Collected material =>
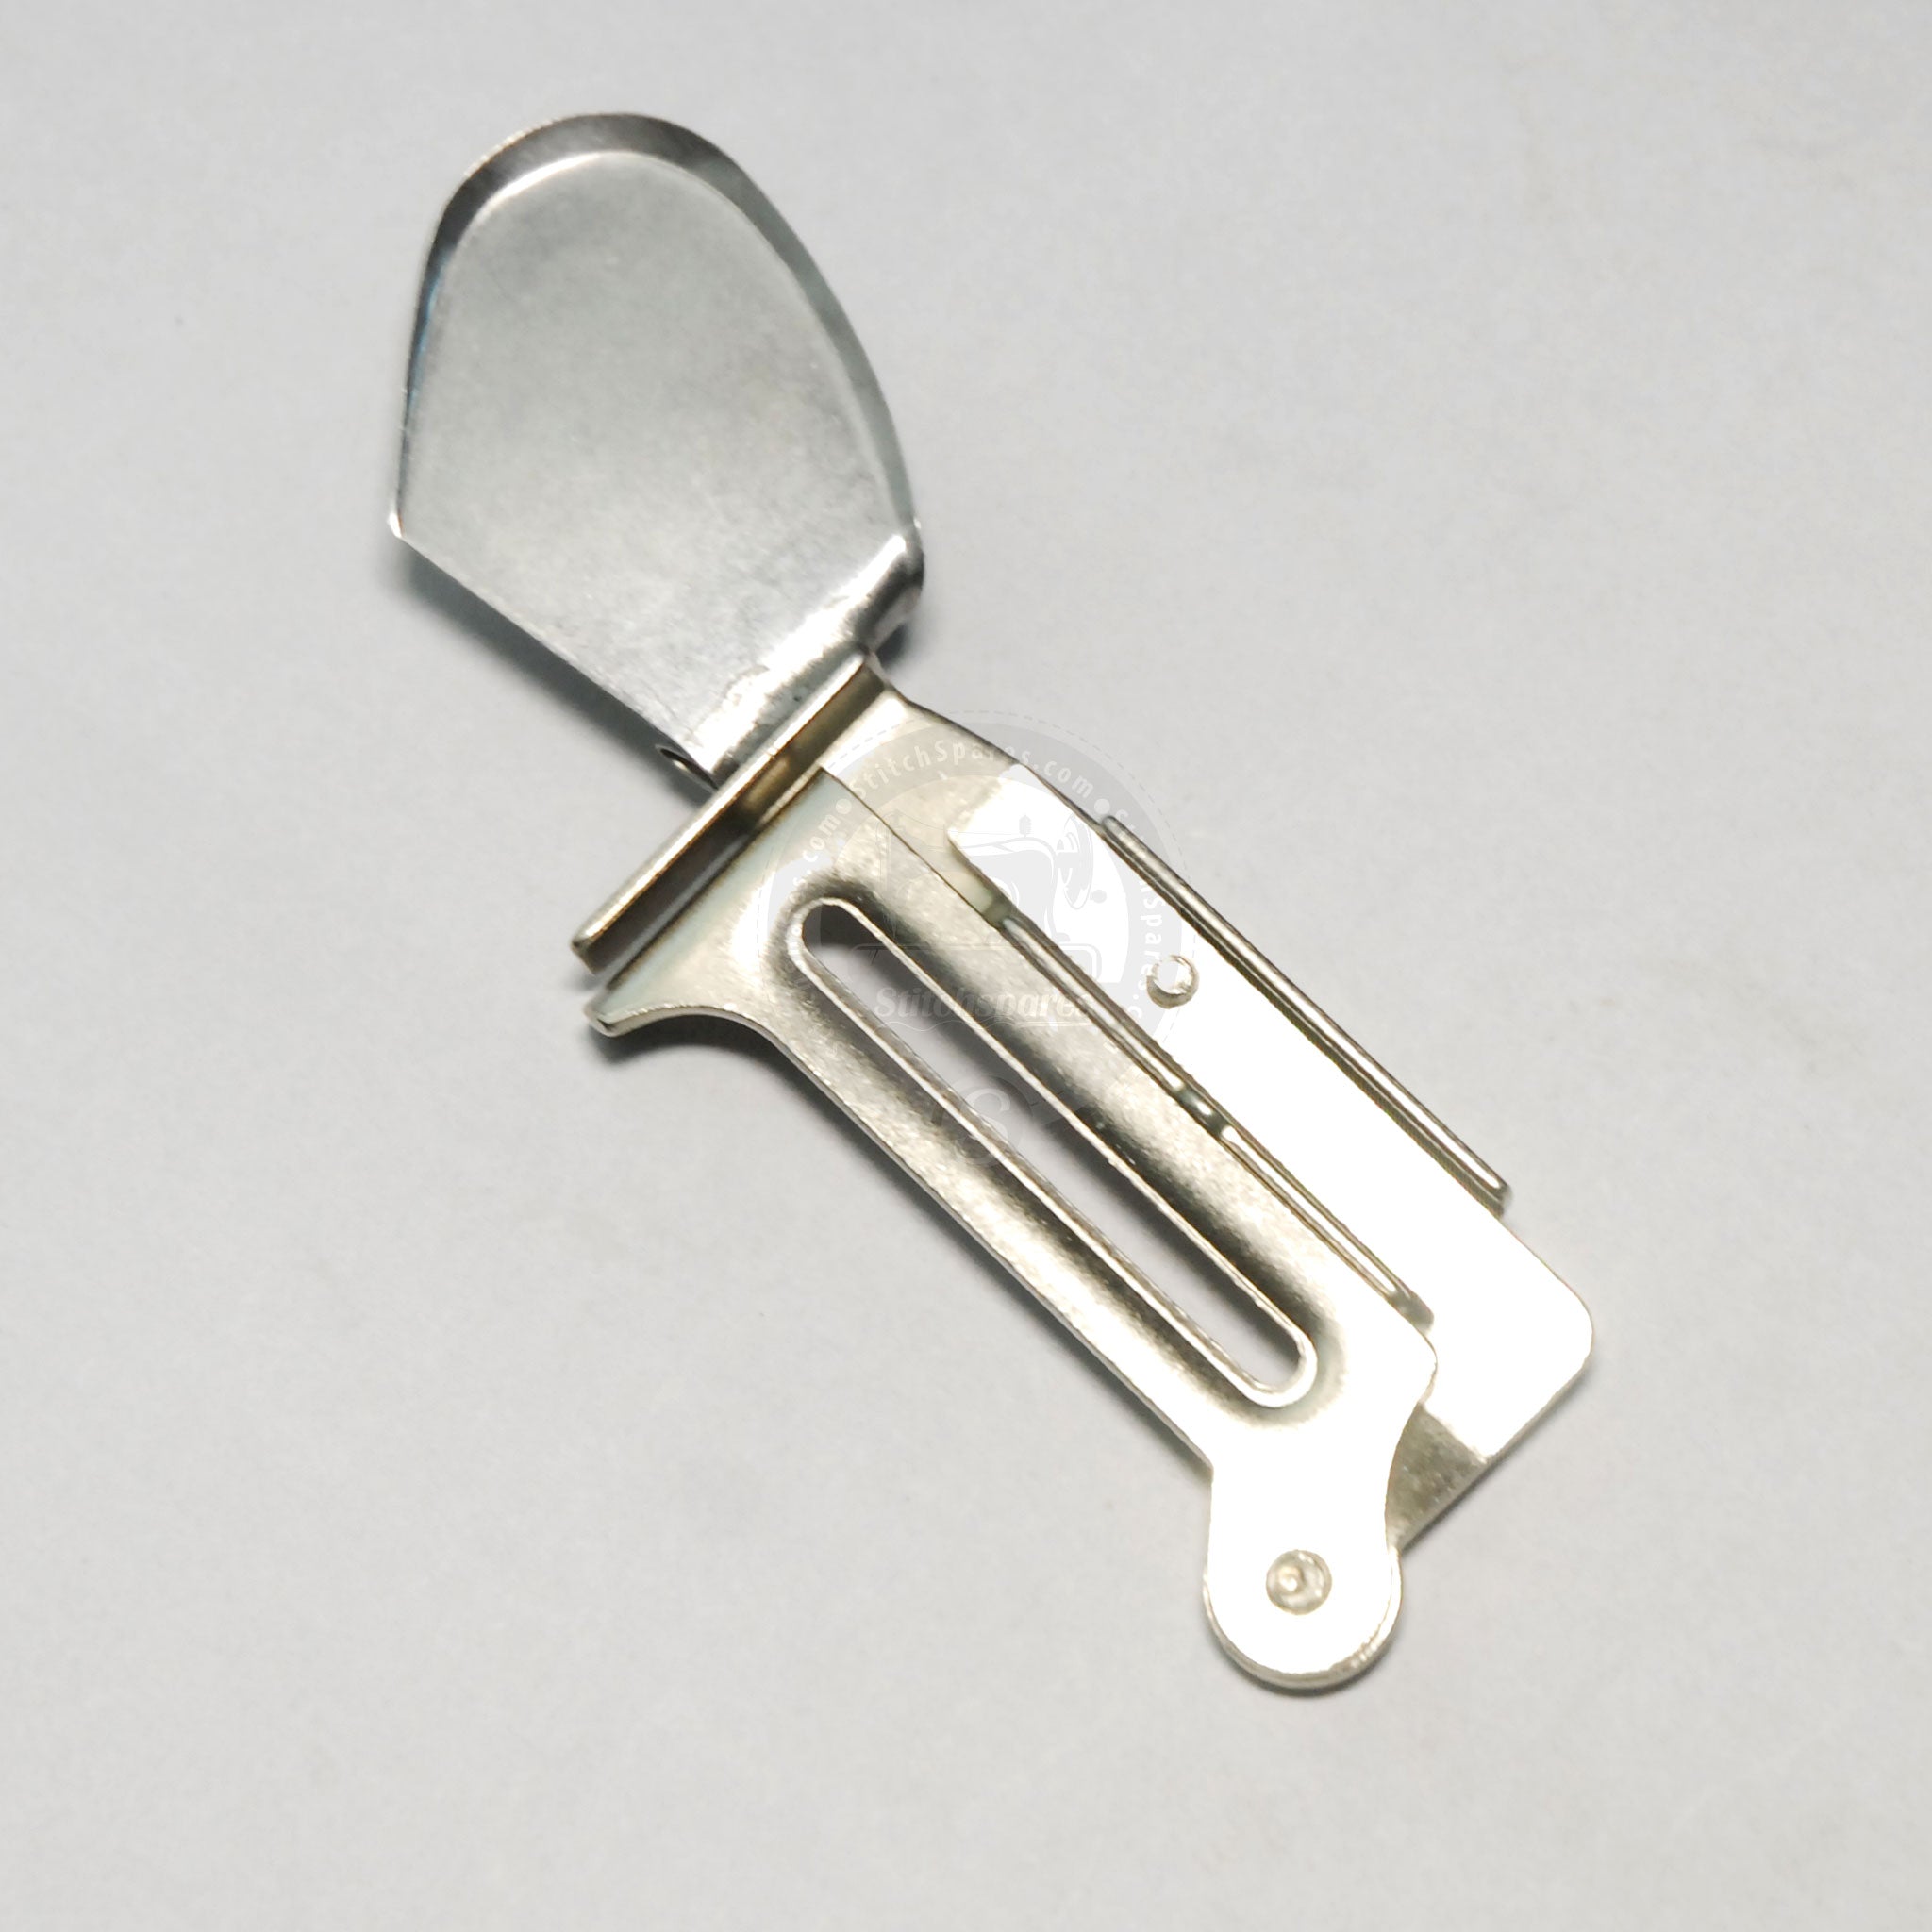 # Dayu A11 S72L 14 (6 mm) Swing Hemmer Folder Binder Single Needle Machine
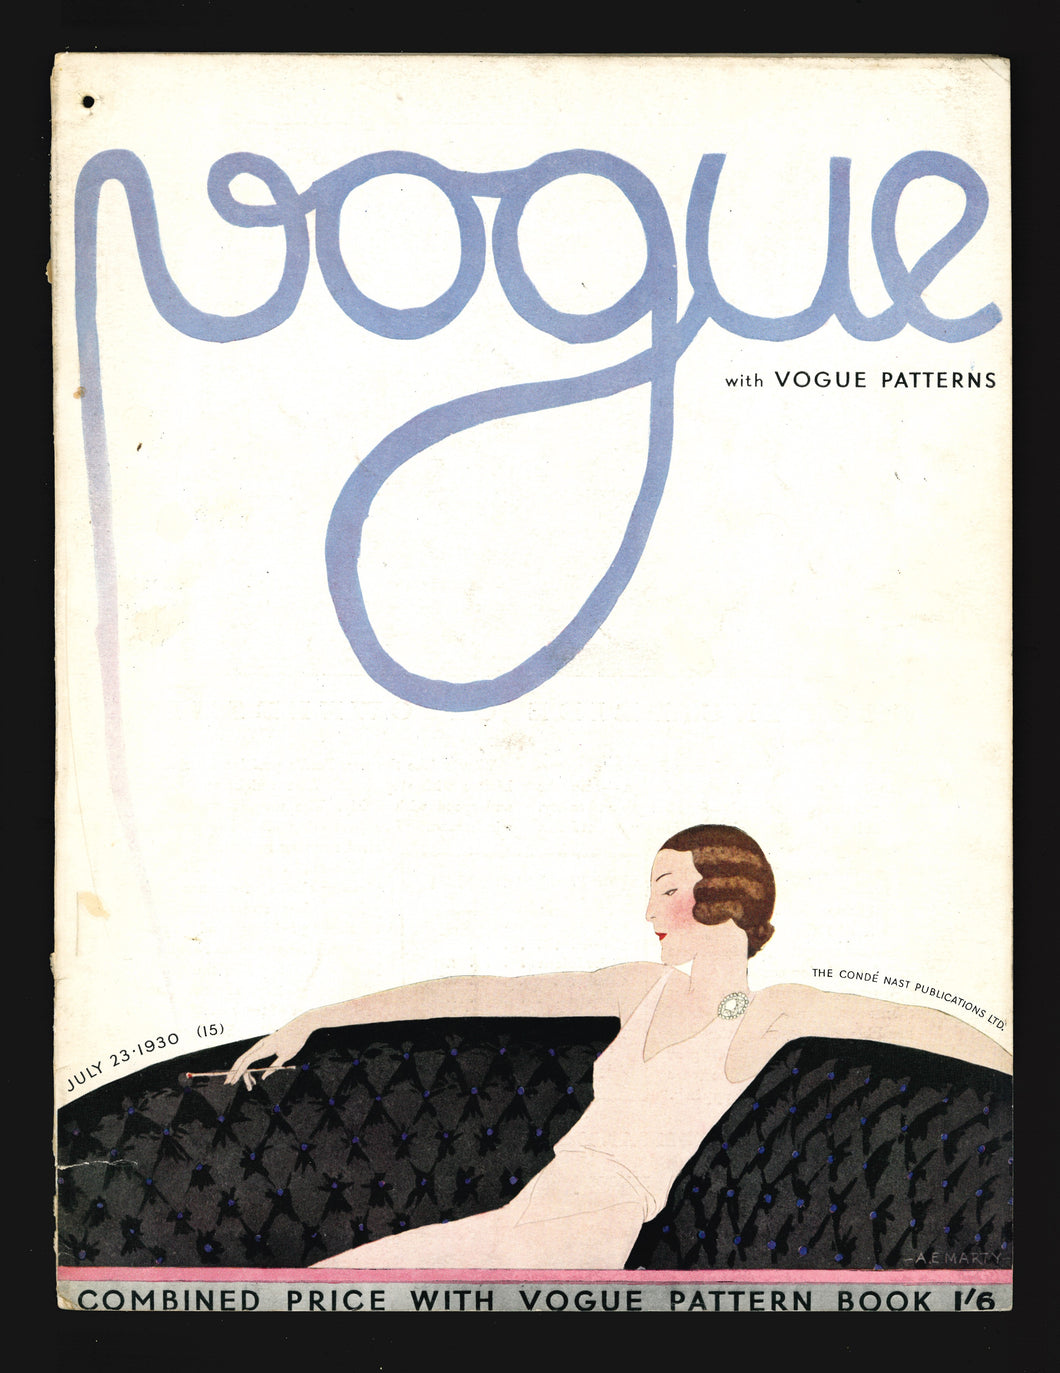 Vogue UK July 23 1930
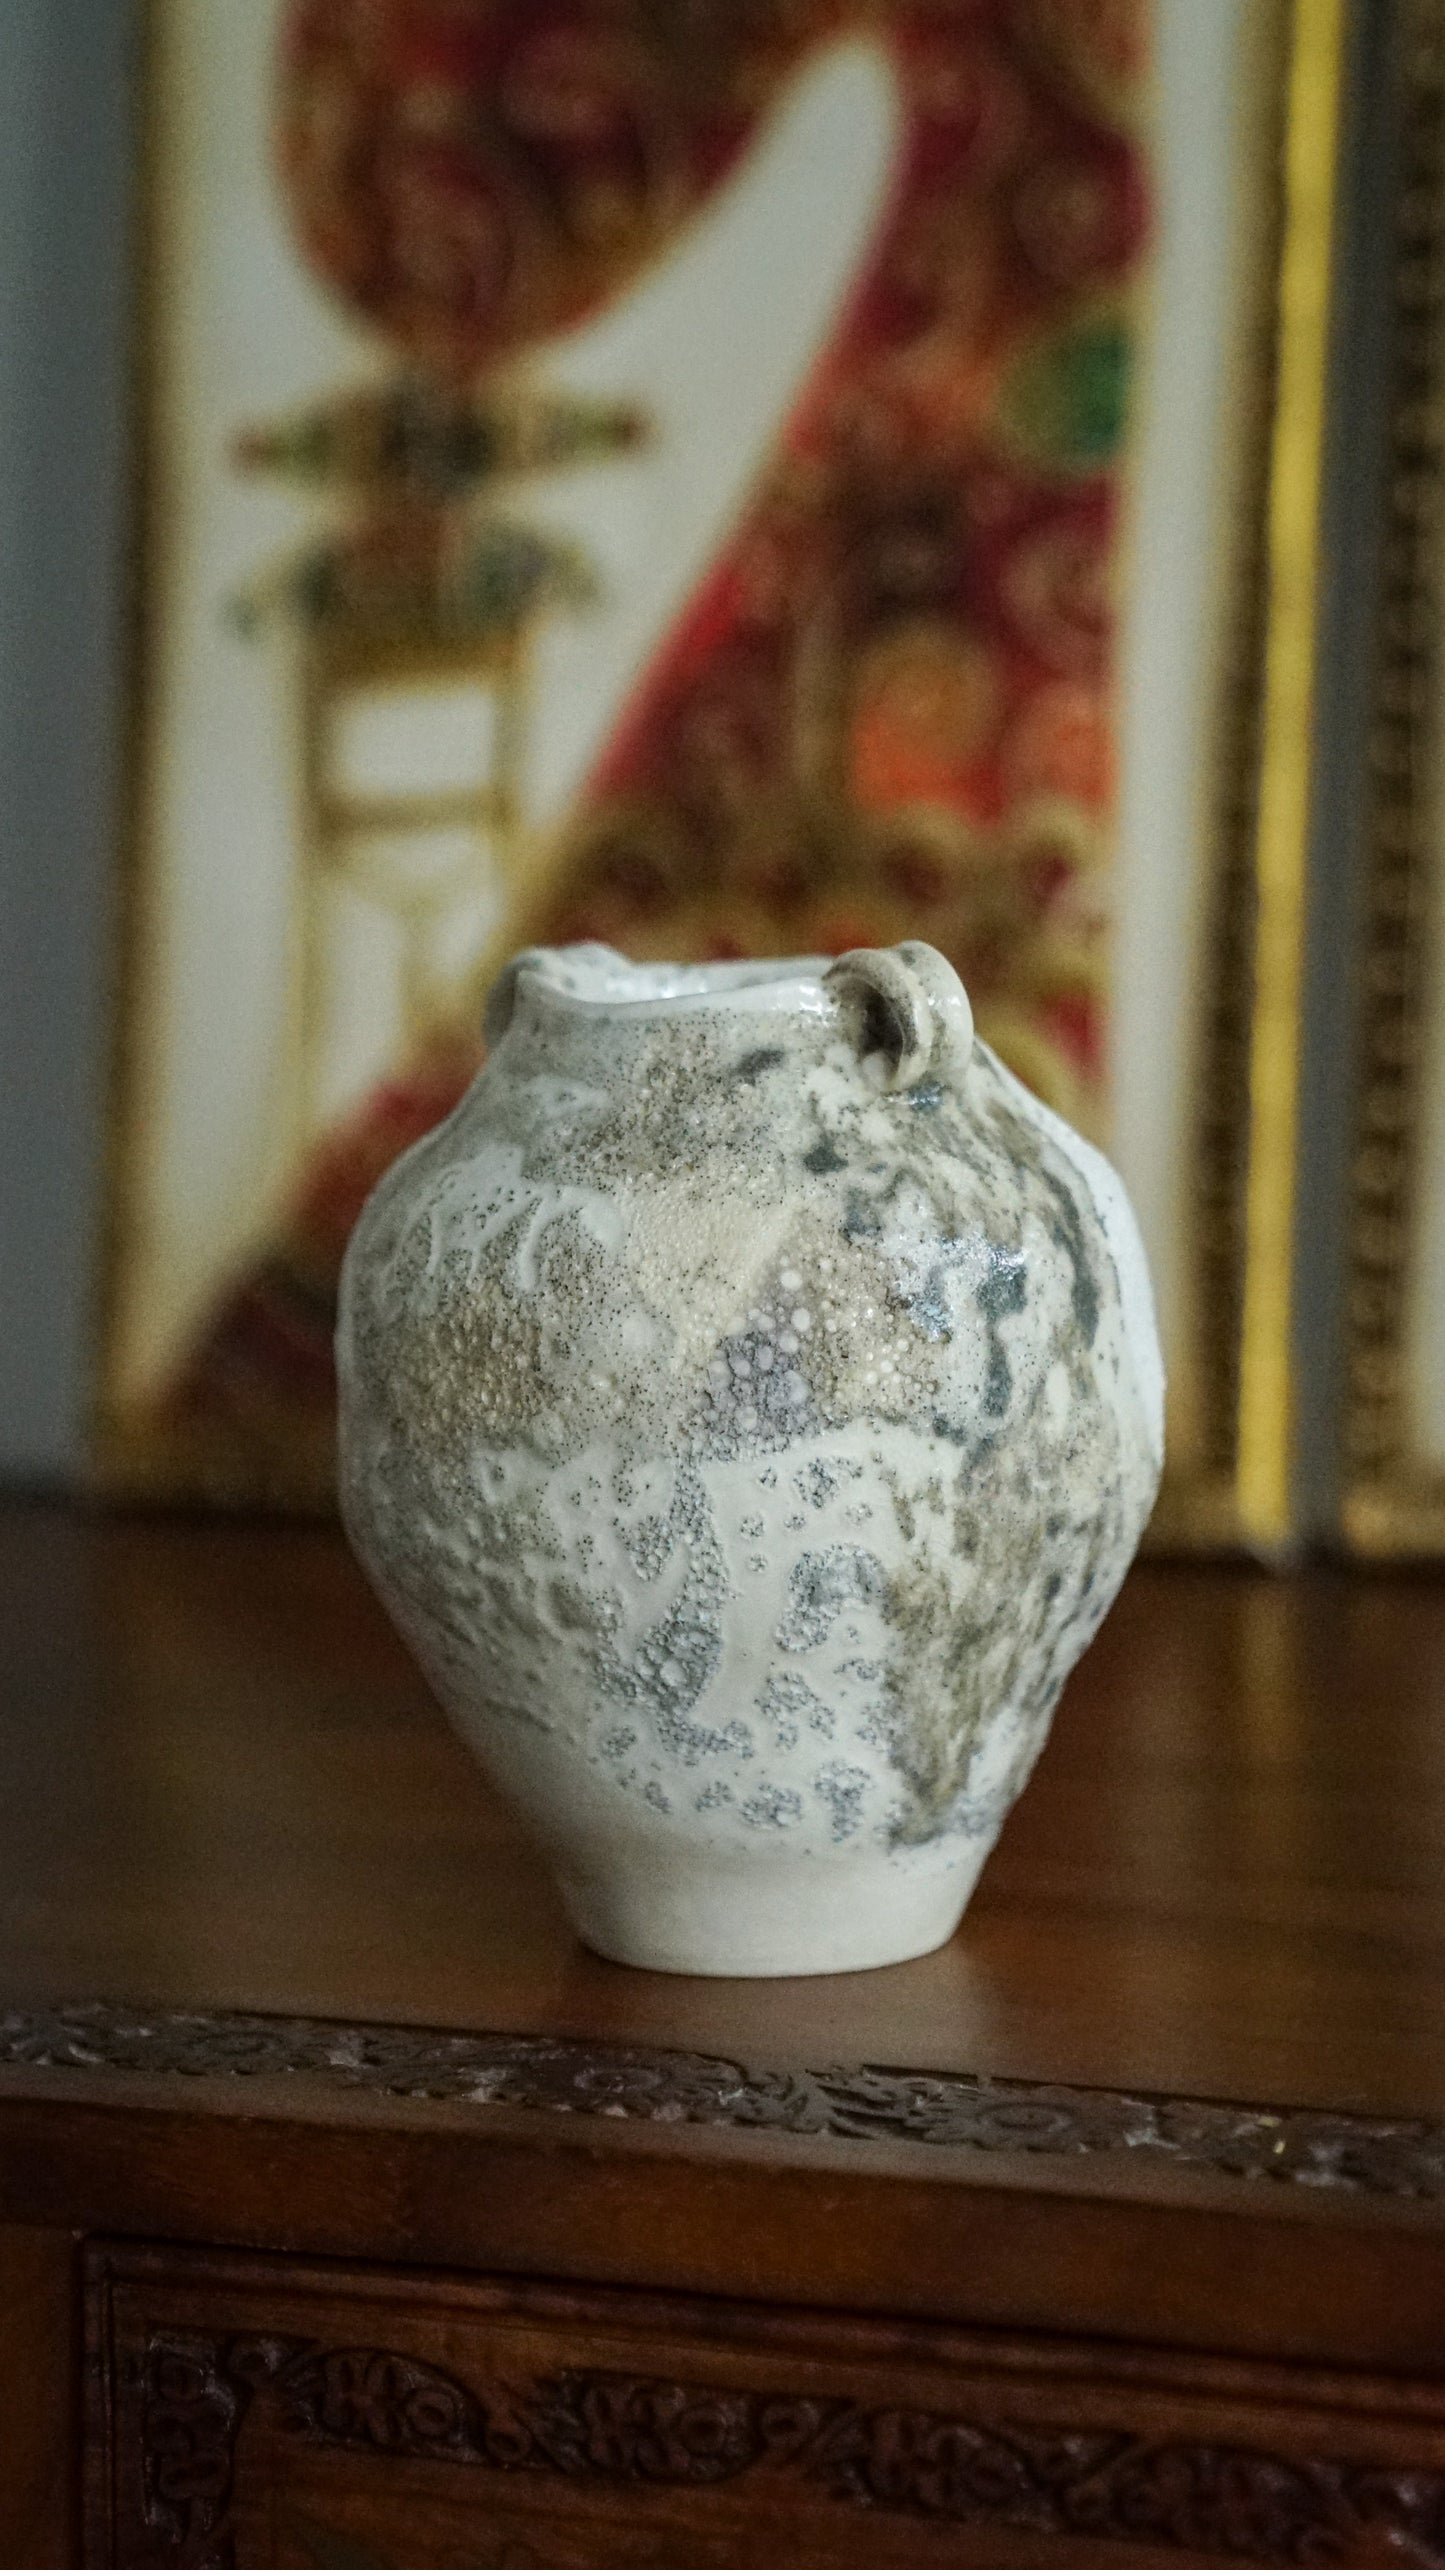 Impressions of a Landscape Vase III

Task instructions => Set down the material above exactly as written, but not the pictures.

Output =>
 # Dayu A11 S72L 14 (6 mm) Swing Hemmer Folder Binder Single Needle Machine
 Vogue UK July 23 1930
 Impressions of a Landscape Vase III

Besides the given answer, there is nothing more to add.